Scientists from Stanford Medicine found a common antibiotic drug could cause hearing loss.
They found a new way to purify gentamicin and reduce the risk that it will cause deafness.
The research is published in PNAS and was conducted by Alan Cheng et al.
Gentamicin is a widely used antibiotic in U.S. hospitals to treat a variety of bacterial infections. It’s a popular drug in developing countries because it is highly effective and inexpensive.
In the study, the team estimated that up to 20% of patients who are treated with it experience some degree of irreversible hearing loss.
They found a relatively inexpensive way to reformulate the drug, which belongs to a class of antibiotics called aminoglycosides, to be safer.
Currently, the FDA’s instructions for how to make aminoglycosides are making people go deaf.
Aminoglycosides have been in use since the 1950s. The drugs don’t need to be refrigerated, which keeps the costs of storing them low.
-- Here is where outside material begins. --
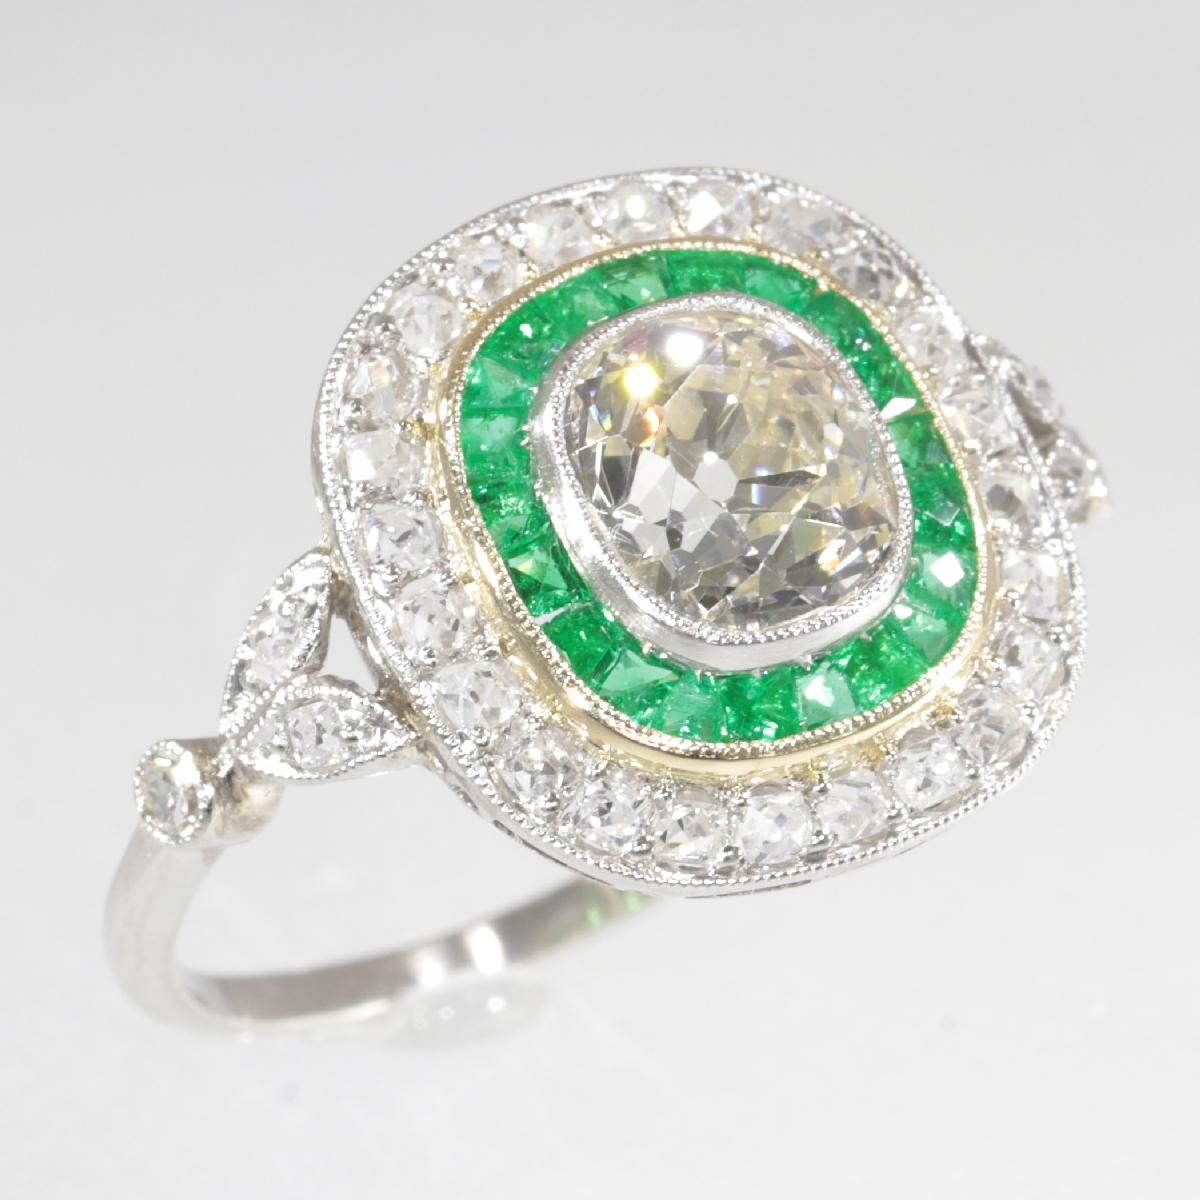 Stunning Vintage Art Deco Style Large Diamond and Emerald Engagement Ring, 1930s For Sale 3

Despite new antibiotics, their use remains commonplace as they are cheap and potent.
The gentamicin used in hospitals today is a mixture of five different subtypes of the antibiotic grown together in the same mixture.
The mixture also includes as much as 10% impurities.
In the study, the team figured out how to chemically separate each of the subtypes so they could be tested separately. They found the least toxic subtype as C2b, and the most toxic as sisomicin.
Both C2b and sisomicin showed the same highly effective antimicrobial properties comparable to the mixture as a whole.
The researchers also found that by removing impurities from the mixture, toxicity to the ear tissue was reduced.
The researchers say that when a drug causes hearing loss, it is devastating, and it’s especially disturbing when it happens to young children, as they rely on hearing to acquire speech.
Their simple method of reformulating the drug should be put to use as soon as possible.